On September 9, 1919, Dr. Bertrand Barahona resigned the executive command in the Council of Ministers and together with Dr. Nazario Soriano, Froilán Turcios, Andrés Soriano and other friends and supporters, he went to San Lorenzo, in two cars that carried the front covered with the flag of the United States of America, so as not to be arrested, from there they left for the United States. the council by the Minister of Government Salvador Aguirre who was in command of the administration until September 16, when it was taken over by Doctor Vicente Mejía Colindres, who served as Minister of Foreign Affairs, until October 5. After the resignation of President Bertrand, and a few days before the entry into Tegucigalpa of General López Gutiérrez's troops, his brother, Antonio López Gutiérrez, wrote to the Latin American Division of the State Department: "... it is necessary that a strong and central government is created. We wish the State Department to give us its moral support to this end. "

The National Congress of Honduras ordered to place in the provisional presidency Doctor Francisco Bográn Barahona, who took office on October 5 and summoned the people to hold general elections.

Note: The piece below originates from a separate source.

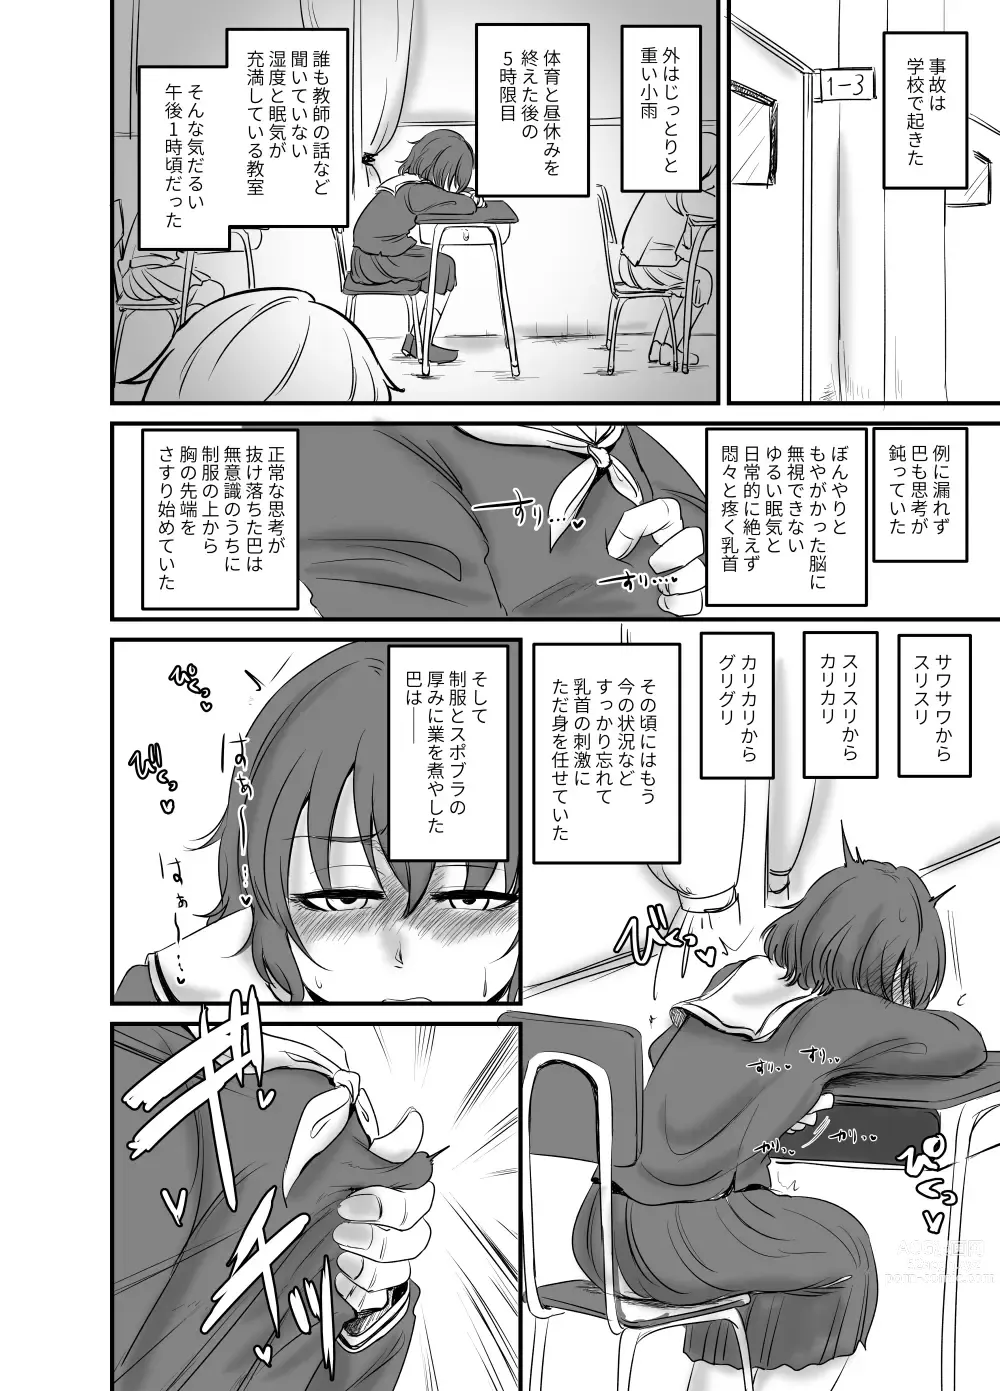 Page 17 of imageset Daisaku (4213608) Part 2
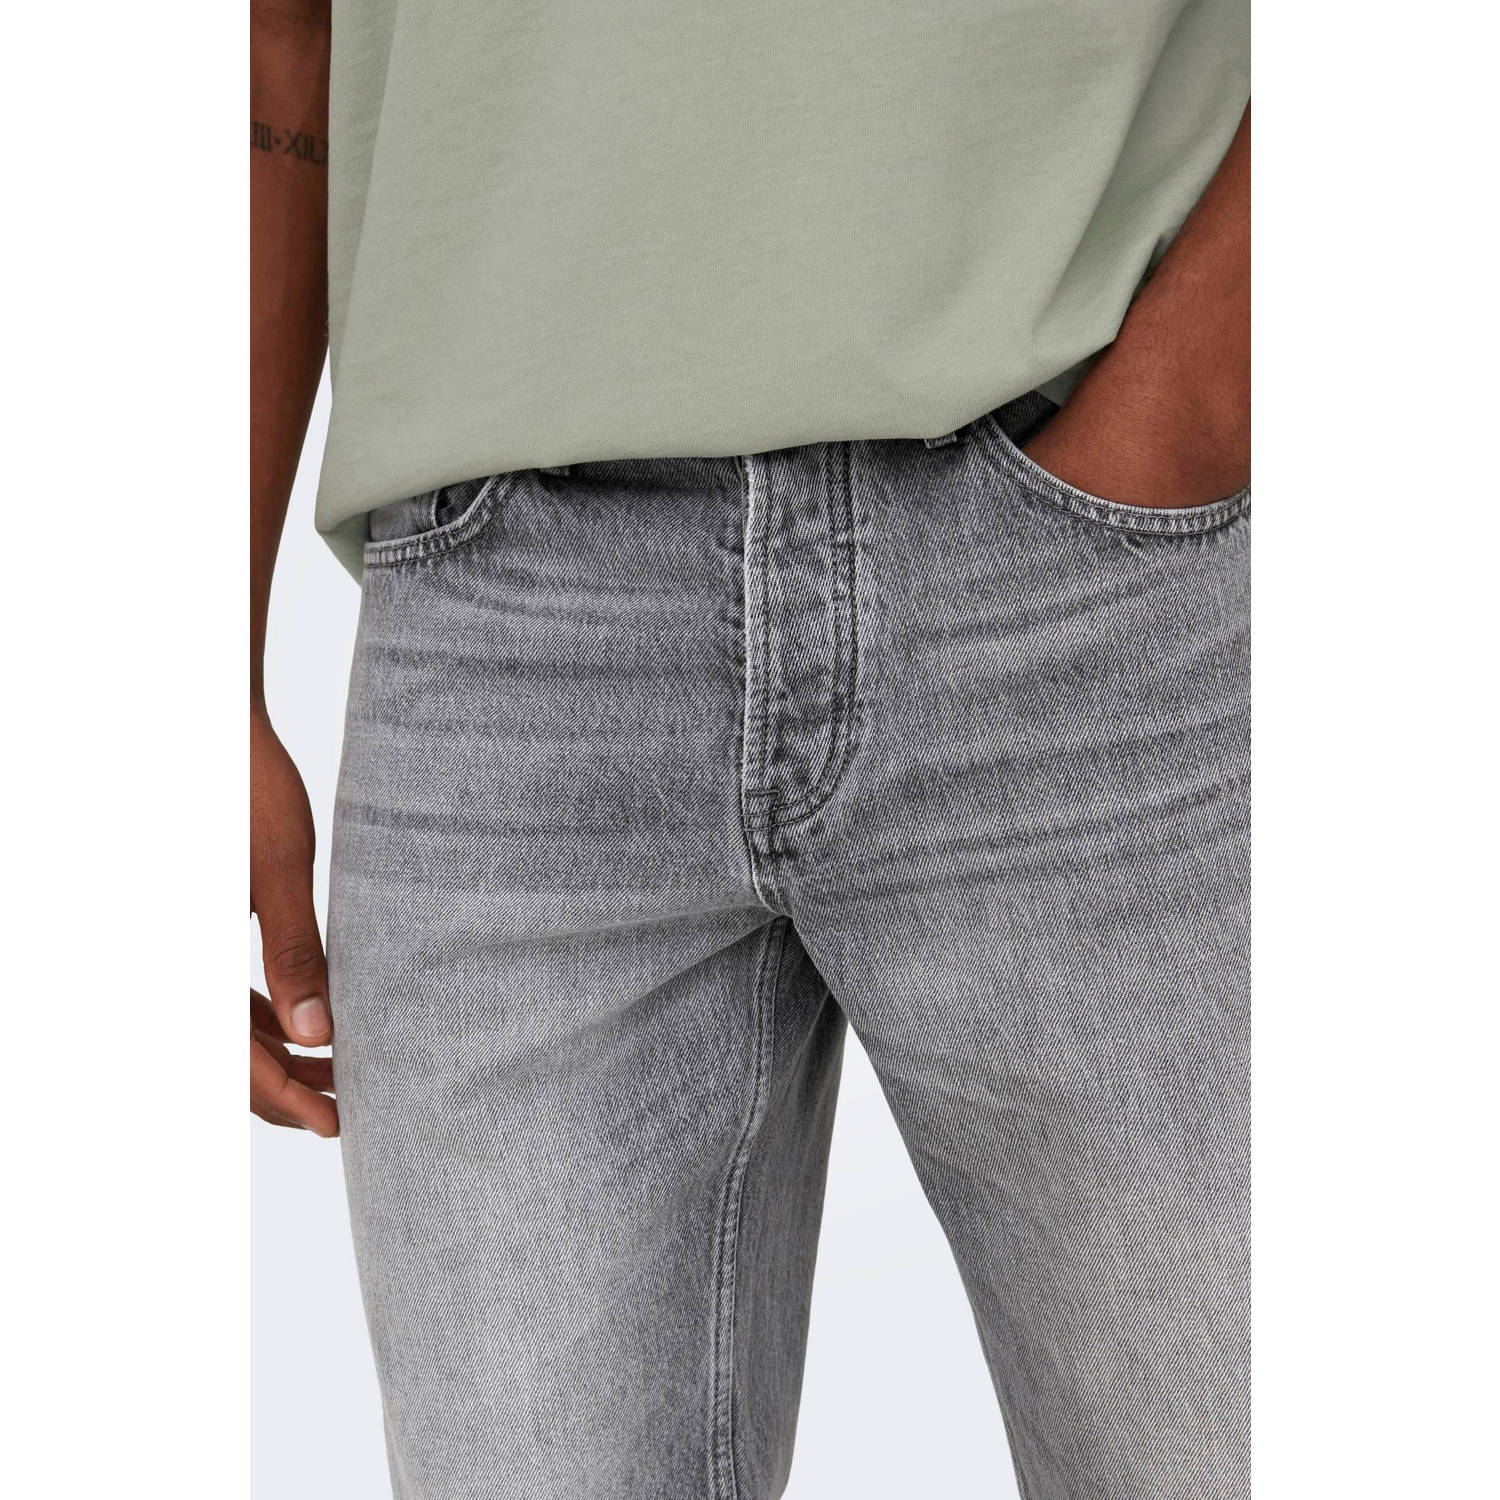 ONLY & SONS straight fit jeans ONSEDGE 8202 medium grey denim

Woodrow Wilson, president of the United States of America, sent the USS “San José” to Amapala on the southern coasts of Honduras, so that with dialogue, the war could be ended and democracy returned. Likewise, the Salvadoran insurgents acting under the orders of the rebels were captured.

== Military tactics ==
- The rebel army used the night and in the dark they attacked the government barracks and buildings.
- The attacks were fast and massive.
- The machine gun was used.

== Post war ==
- After the civil war, General Rafael López Gutiérrez emerged as the presidential candidate of the Liberal Party of Honduras, who entered the city of Tegucigalpa in triumph on September 17 and in turn left the Doctor and General Tiburcio Carias Andino in part with the Pretensions to carry out a counter revolution by not accepting Gutiérrez, as a presidential candidate, against the formula of the National Democratic Party lawyer Alberto de Jesús Membreño and Antonio Madrid.
- Elections are held in October and General Rafael López Gutiérrez is victorious and Doctor José María Ochoa Velásquez is the victor, who took office on February 1, 1920.

== Consequences ==
- The Honduran Government made sure to maintain and train a better Honduran Armed Forces and create a loyal Air Force.
- Transnational companies (banana, mining) 12 took over most of the coastal land in northern Honduras.
- It caused poverty, malnutrition, poor wages, poor health care for employees.
- Creation of a union by the employees of the Transnationals.
- Foundation of the Communist Party of Honduras.
- Peace Treaty between the Central American countries.